#### ACTIVITY
Your answer should be the exact lines of the data below from the one containing "JOBO 585 5 mit" through the one containing "Robot Arm Logo"; please include nothing else.
━━━ THE DATA ━━━
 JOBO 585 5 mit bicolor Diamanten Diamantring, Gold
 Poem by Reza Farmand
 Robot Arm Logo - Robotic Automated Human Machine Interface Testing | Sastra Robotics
━━━
━━━ THE DATA ━━━
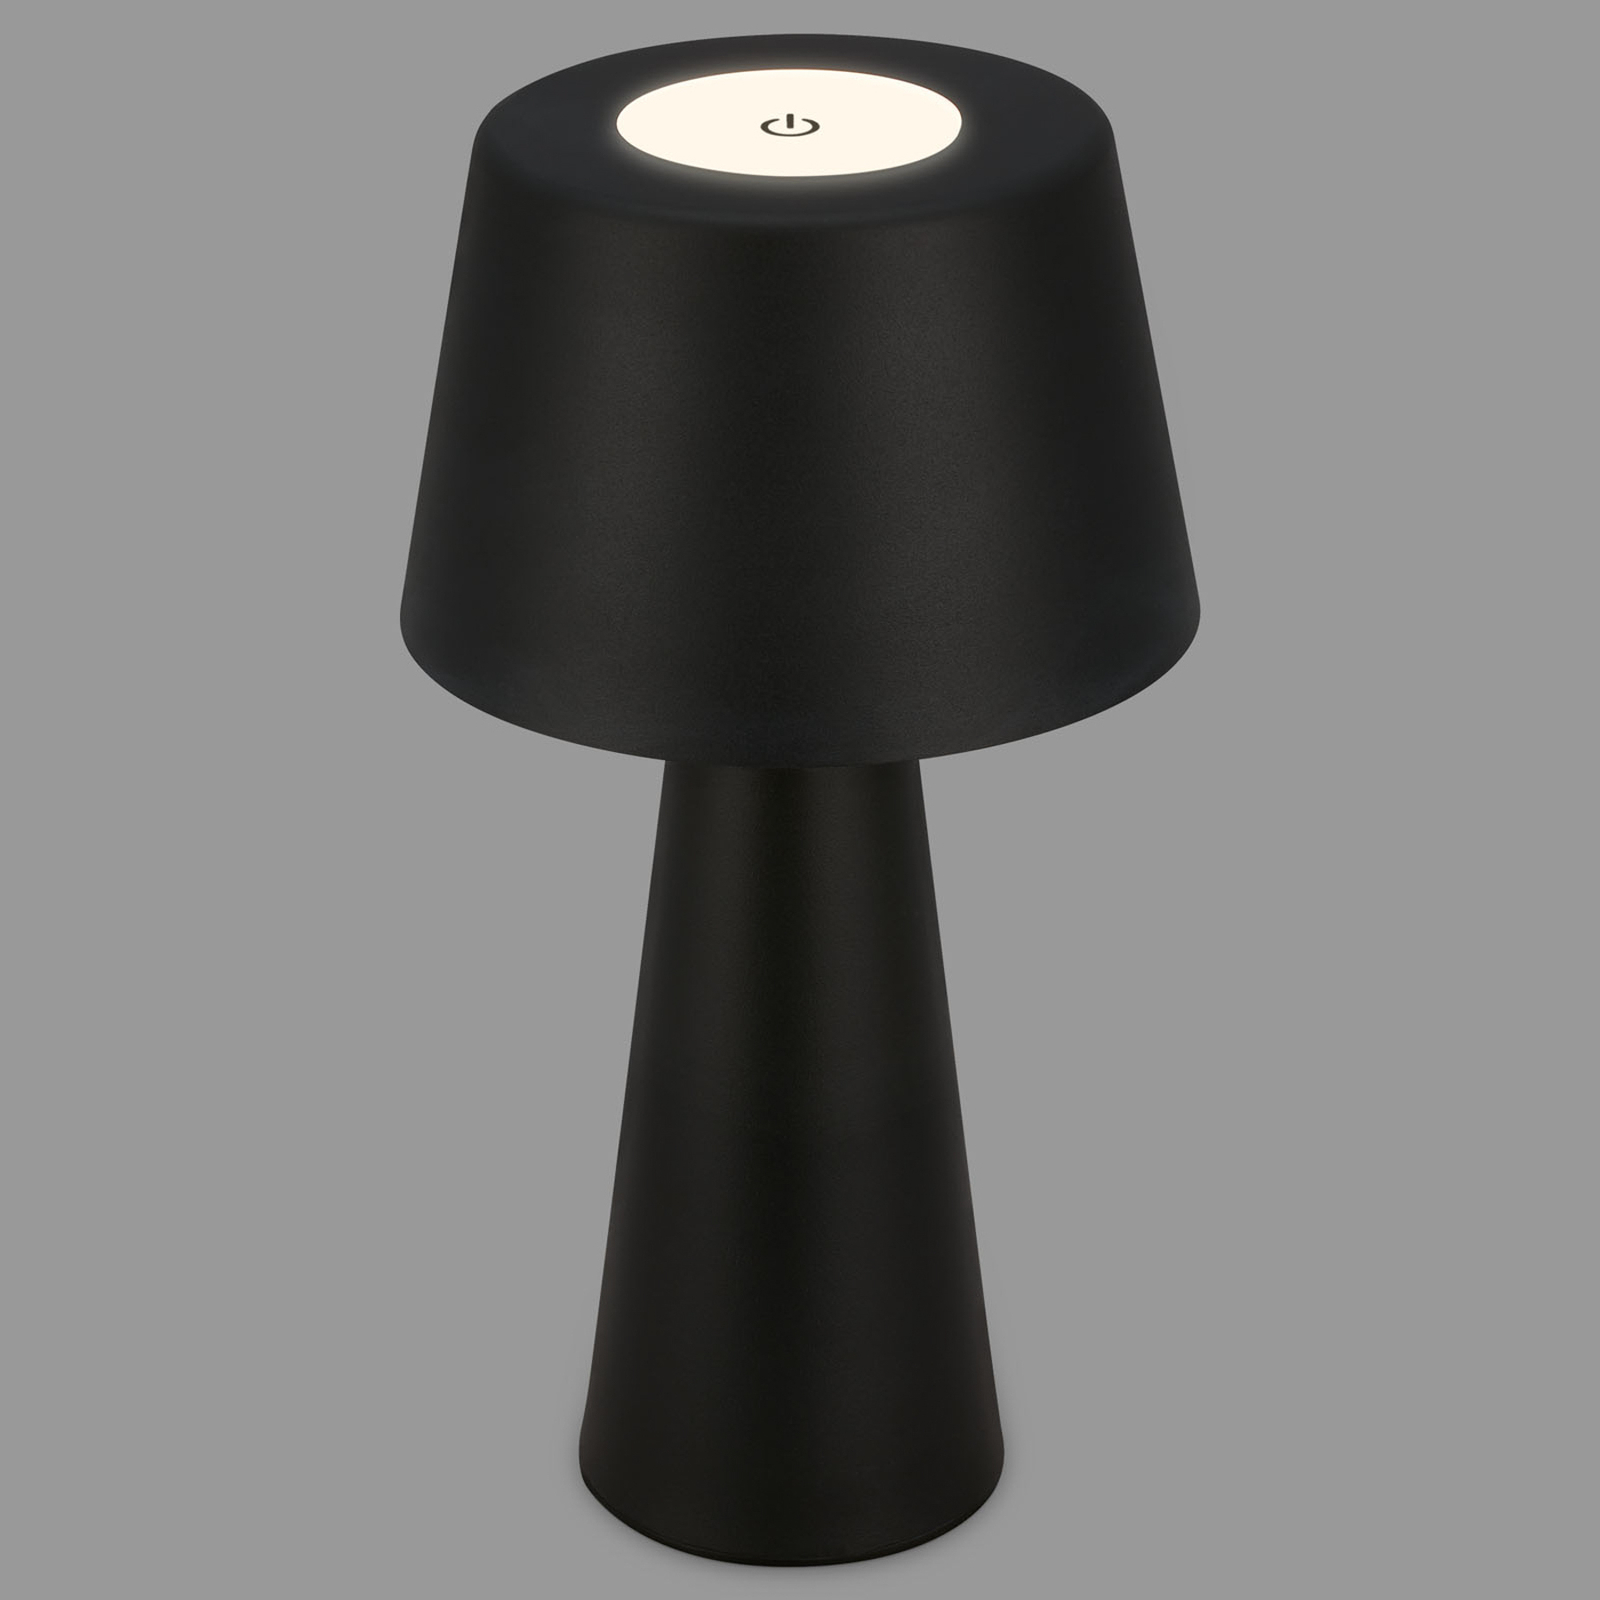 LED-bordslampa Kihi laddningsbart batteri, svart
━━━
━━━ THE DATA ━━━
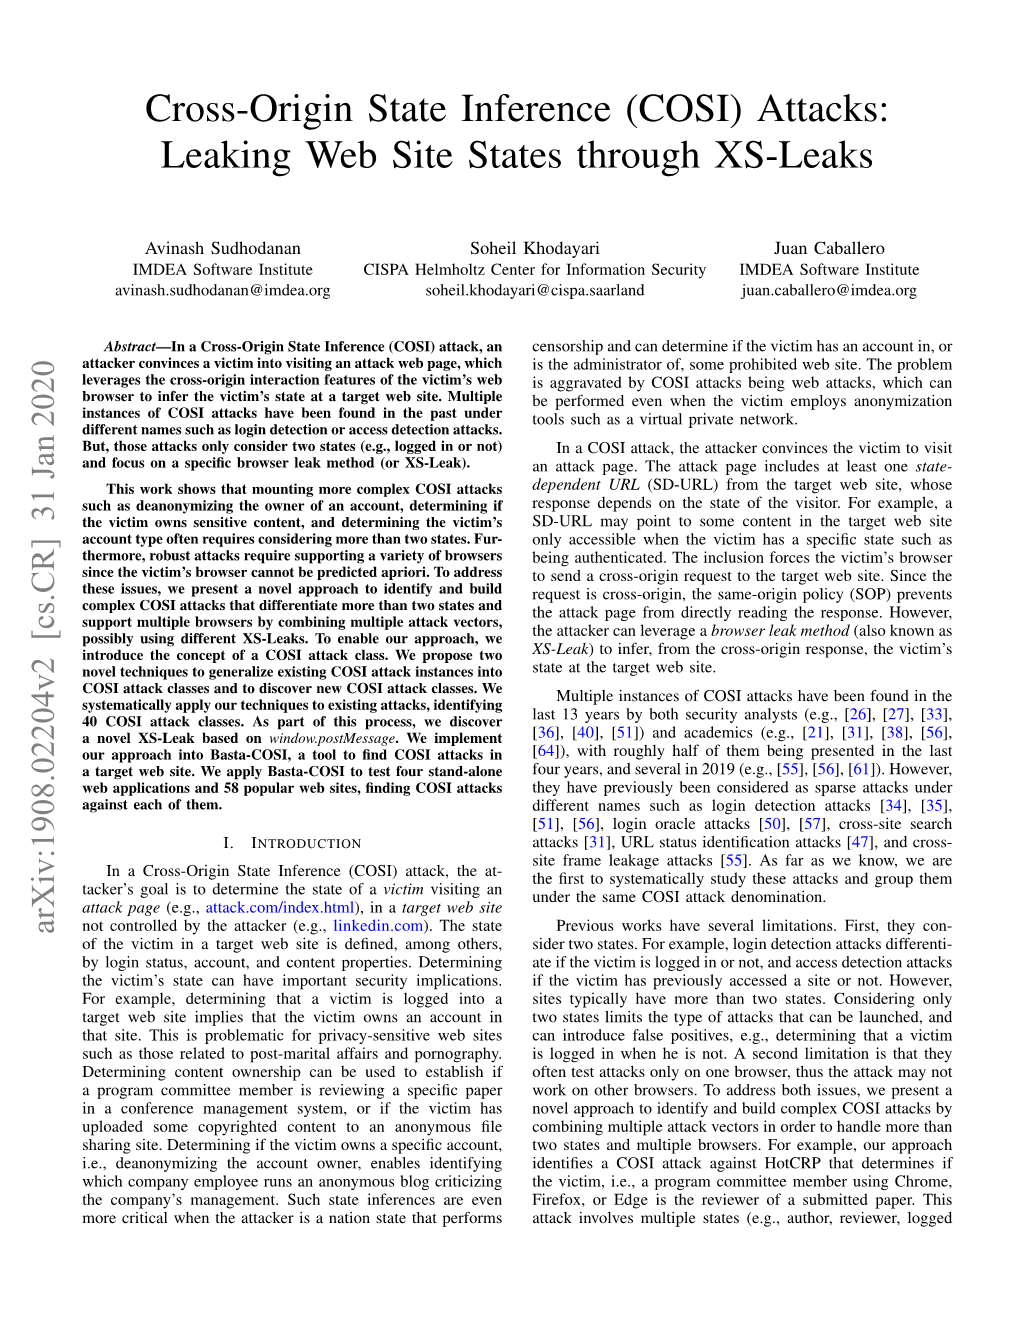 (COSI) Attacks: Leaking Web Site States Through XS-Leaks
━━━
#### RESULT BELOW
 JOBO 585 5 mit bicolor Diamanten Diamantring, Gold
 Poem by Reza Farmand
 Robot Arm Logo - Robotic Automated Human Machine Interface Testing | Sastra Robotics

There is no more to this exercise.